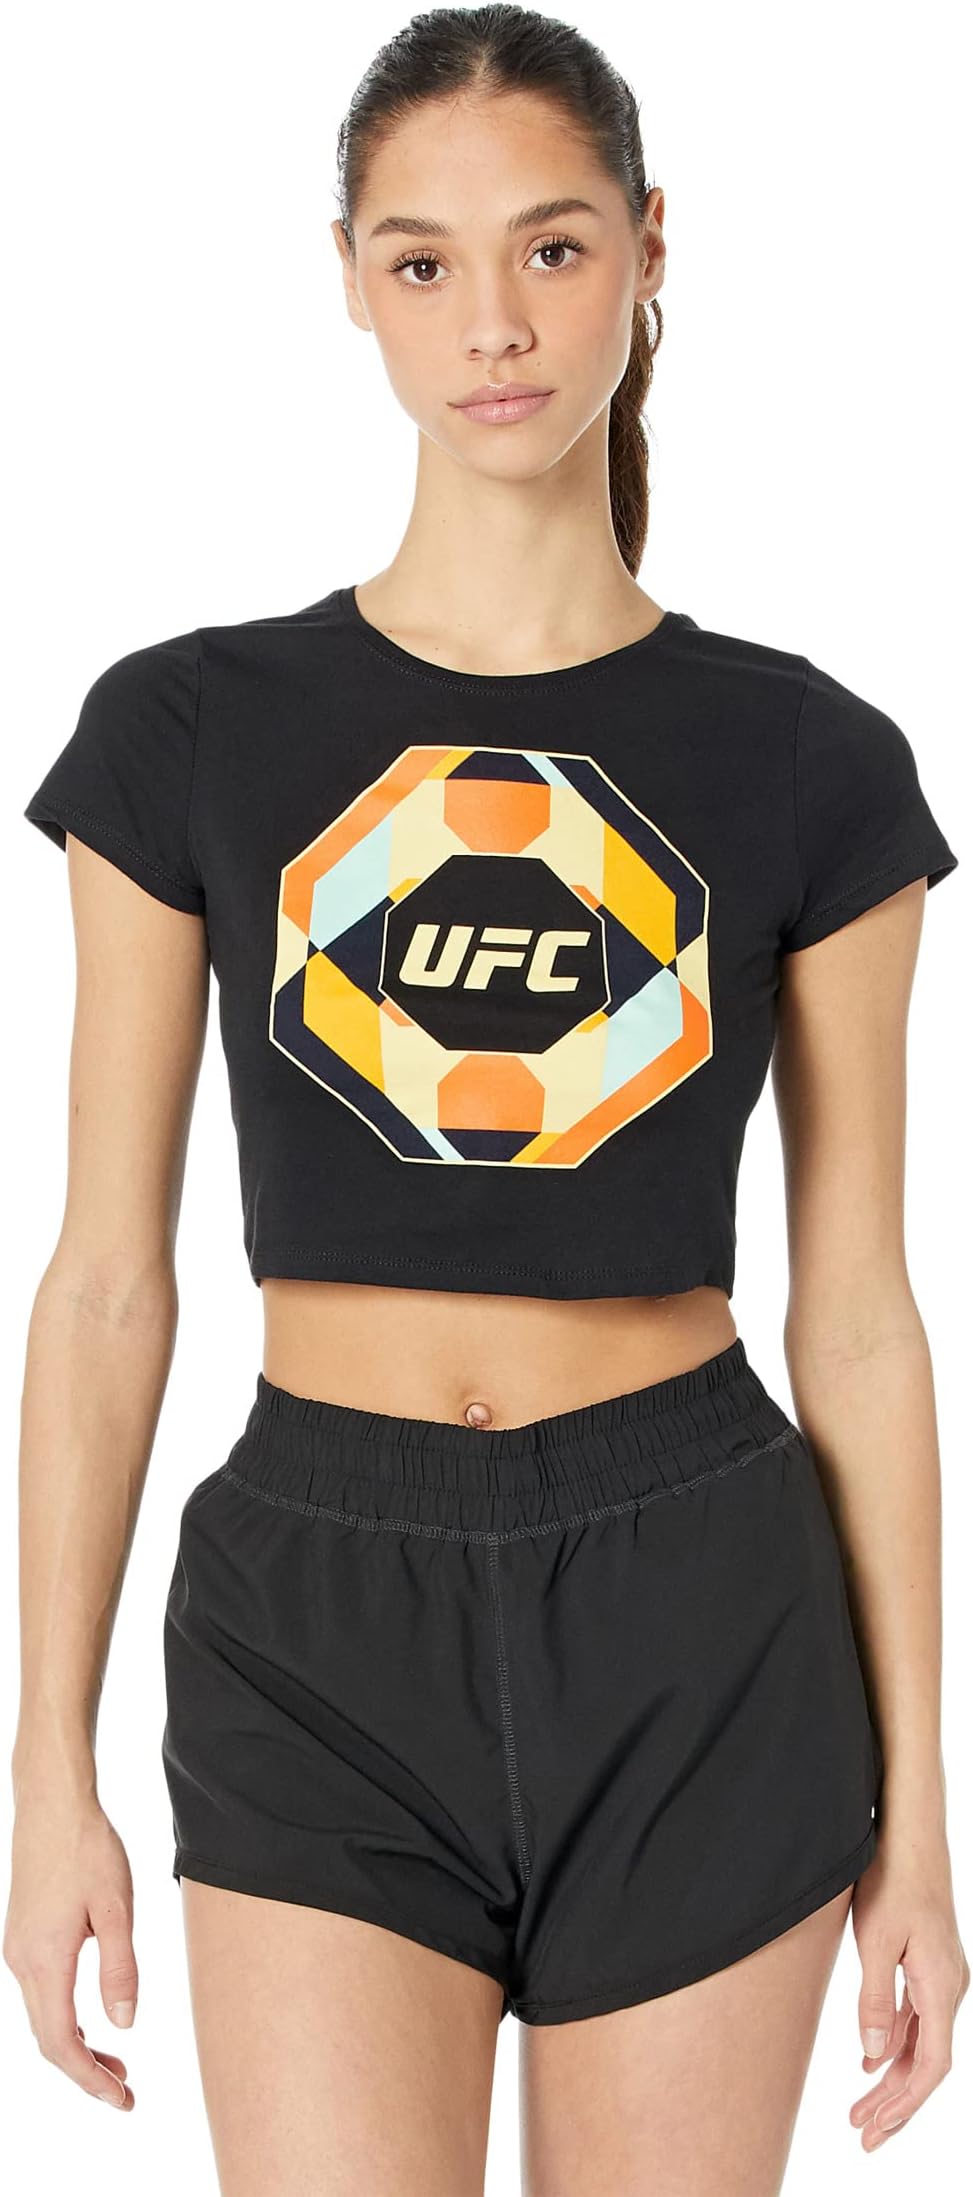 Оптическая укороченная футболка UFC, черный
==
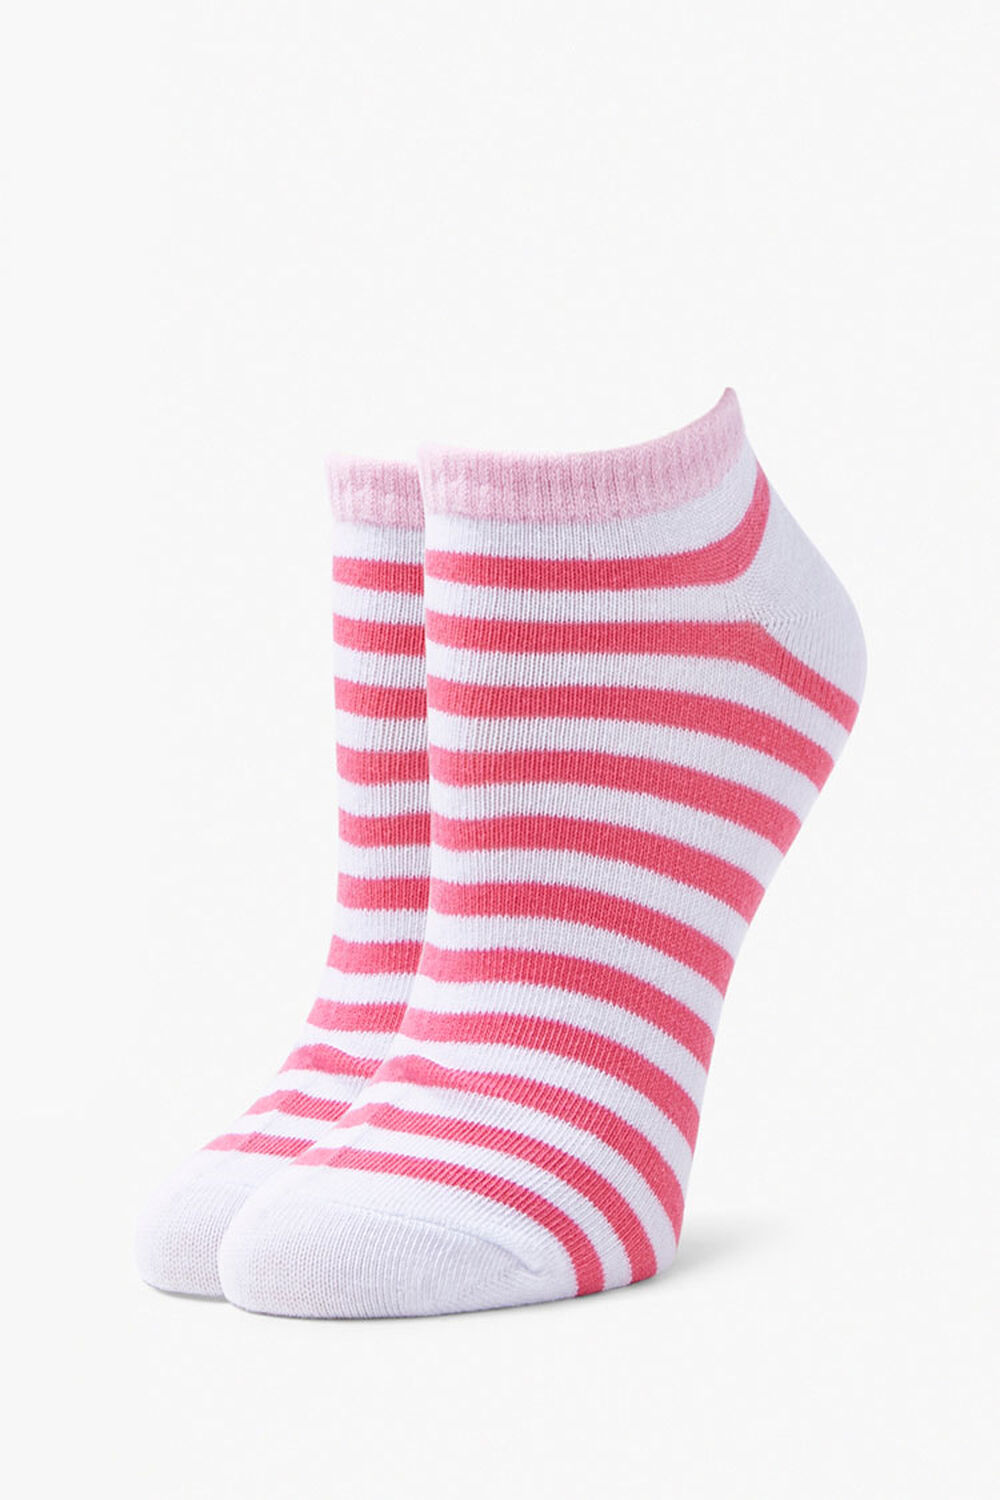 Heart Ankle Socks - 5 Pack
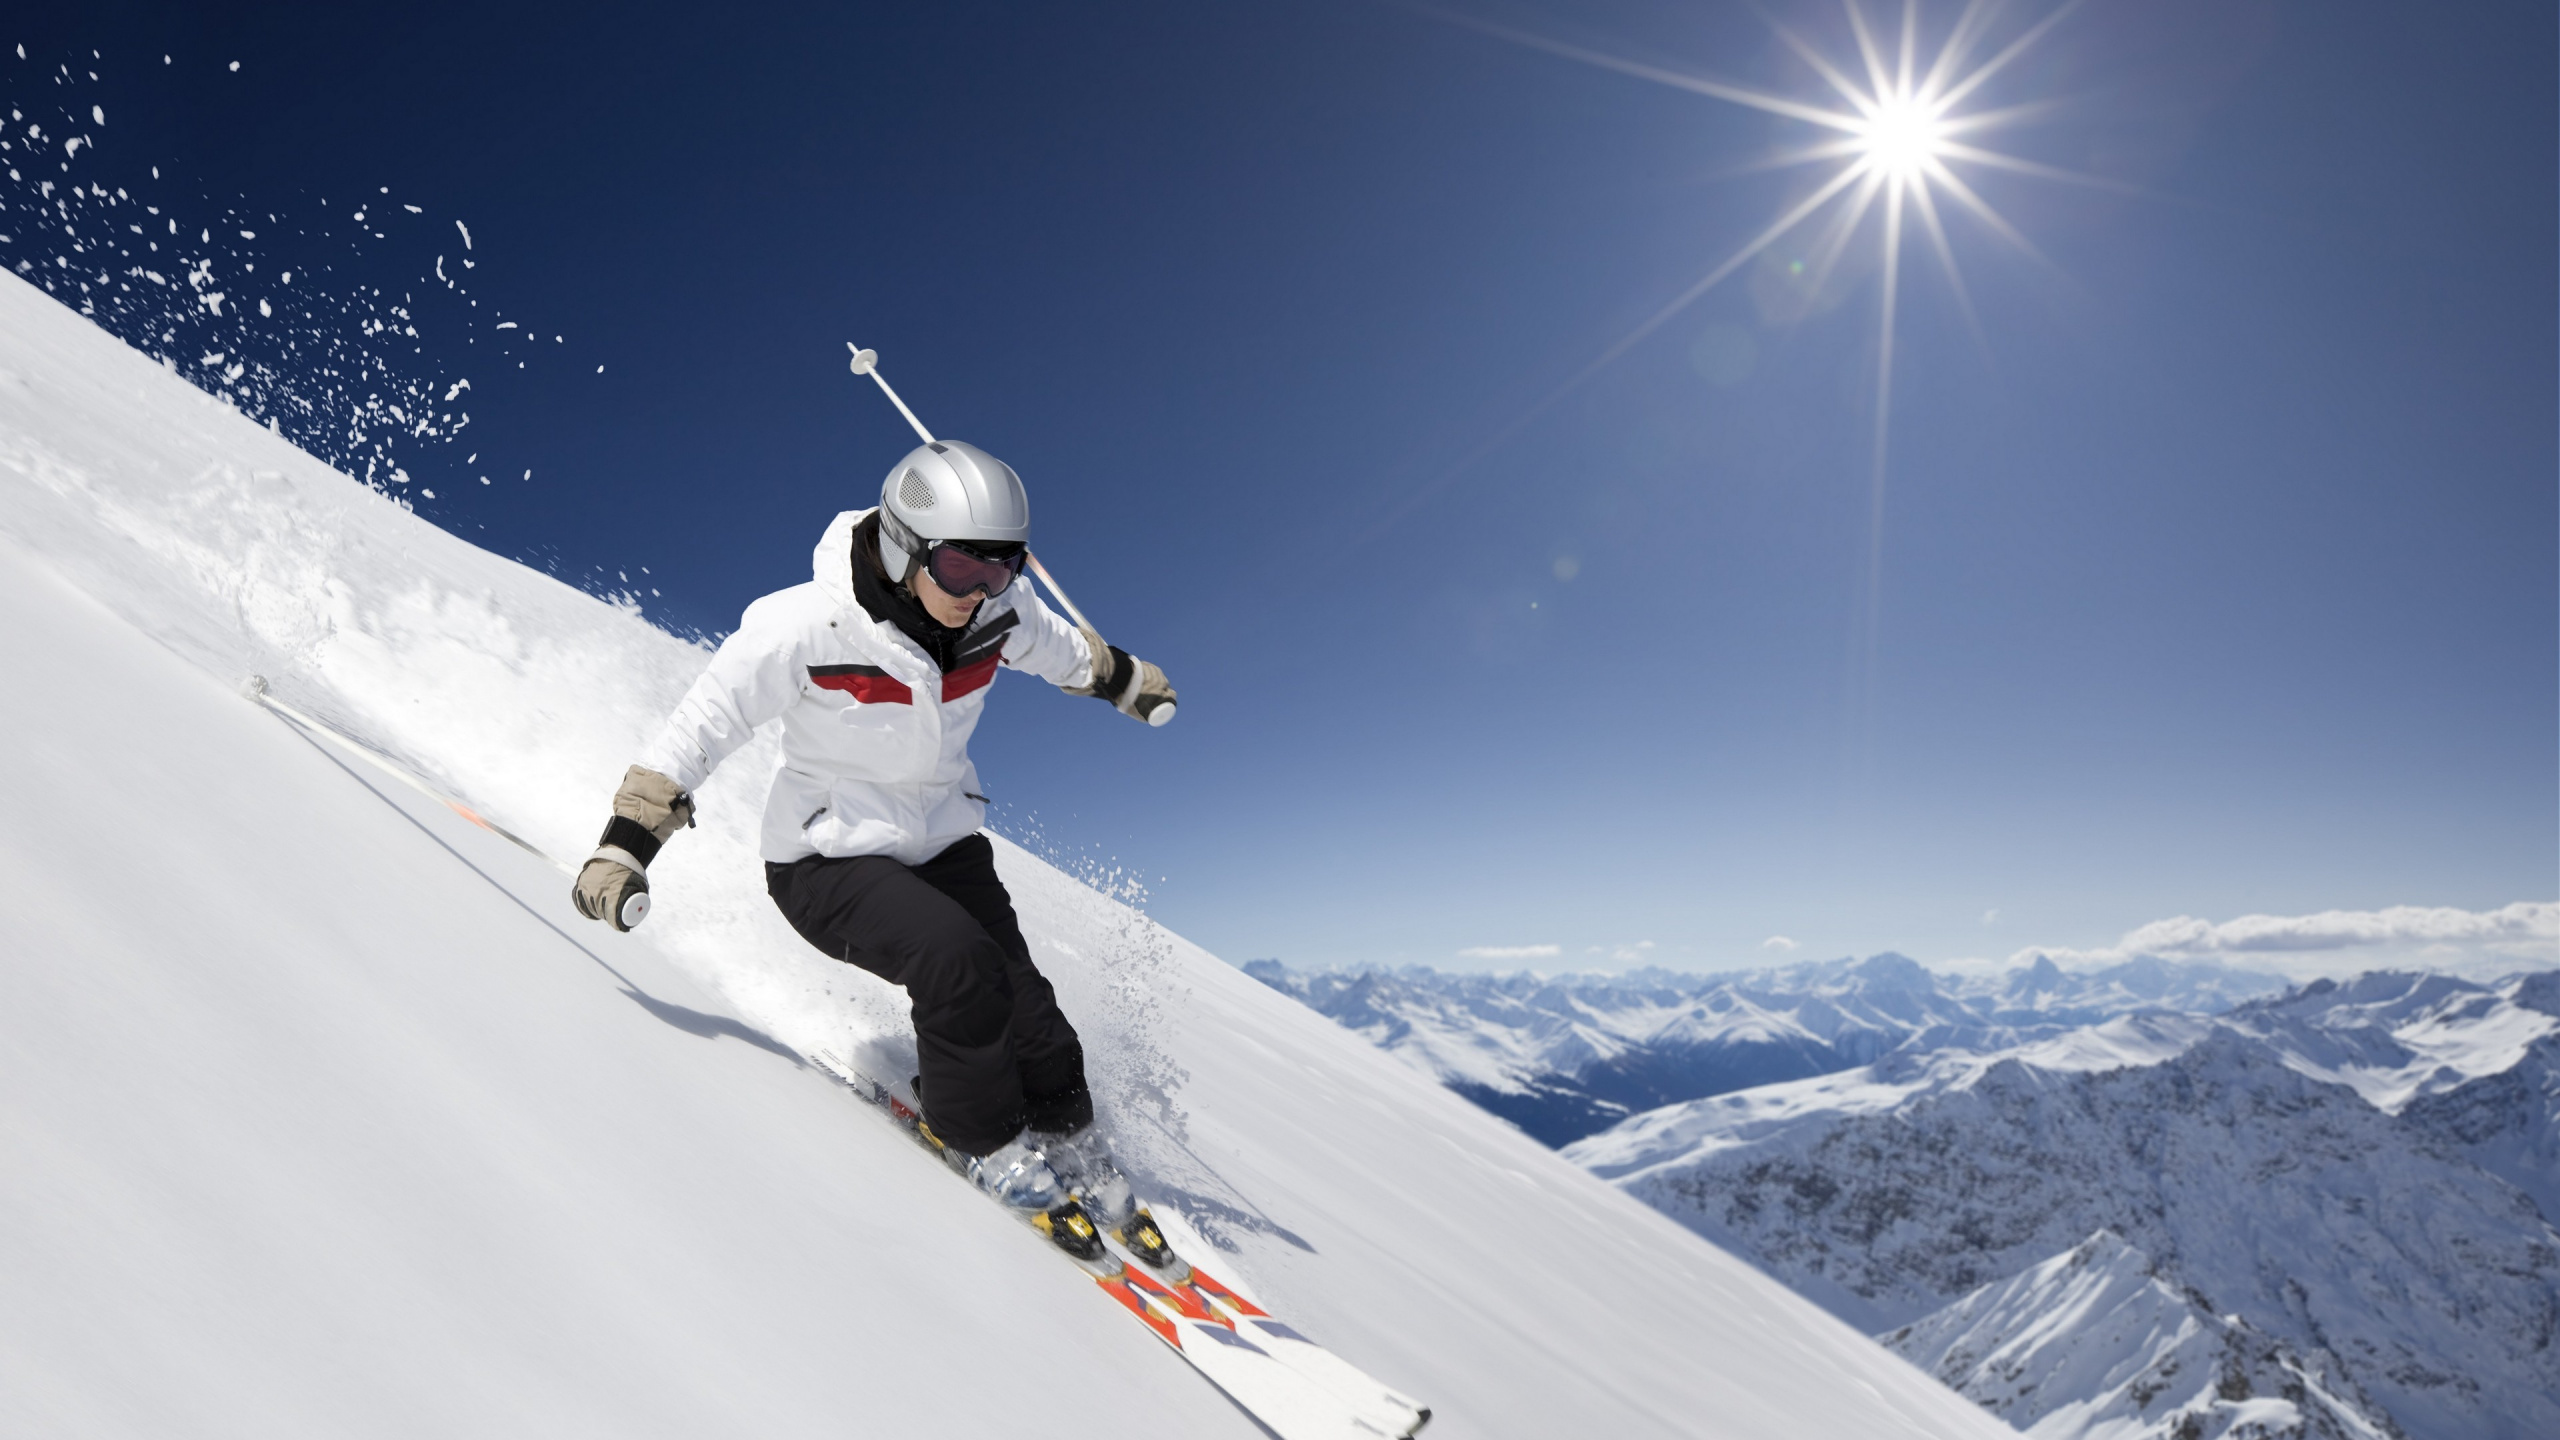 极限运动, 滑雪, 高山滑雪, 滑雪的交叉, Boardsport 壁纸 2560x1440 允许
---
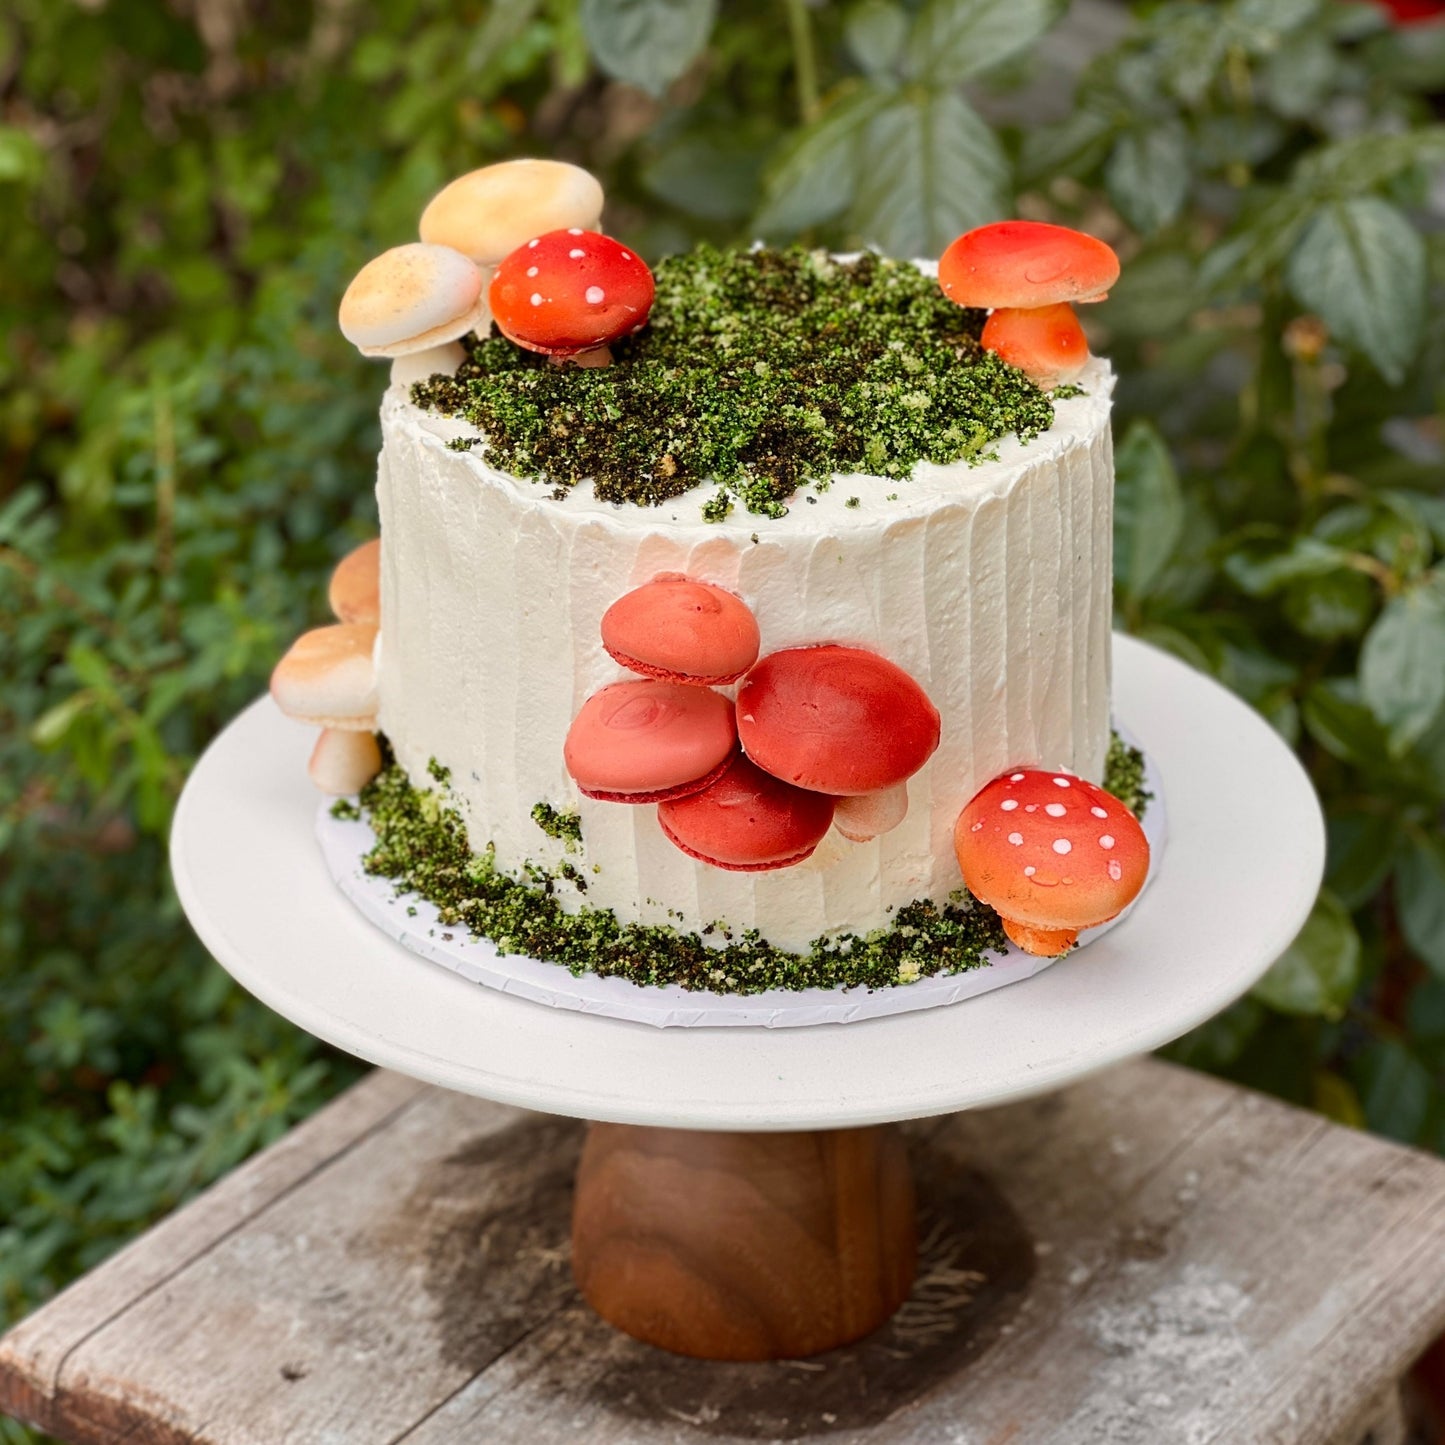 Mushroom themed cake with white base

▶ Task to complete
In the listing above, find the line containing "Heart Ankle Socks - 5 Pack" and the line containing "极限运动, 滑雪, 高山滑雪, 滑雪的交叉, Boardsport"; print those lines and every line between them exactly, leaving out pictures.

▶ Answer box
 Heart Ankle Socks - 5 Pack
 极限运动, 滑雪, 高山滑雪, 滑雪的交叉, Boardsport 壁纸 2560x1440 允许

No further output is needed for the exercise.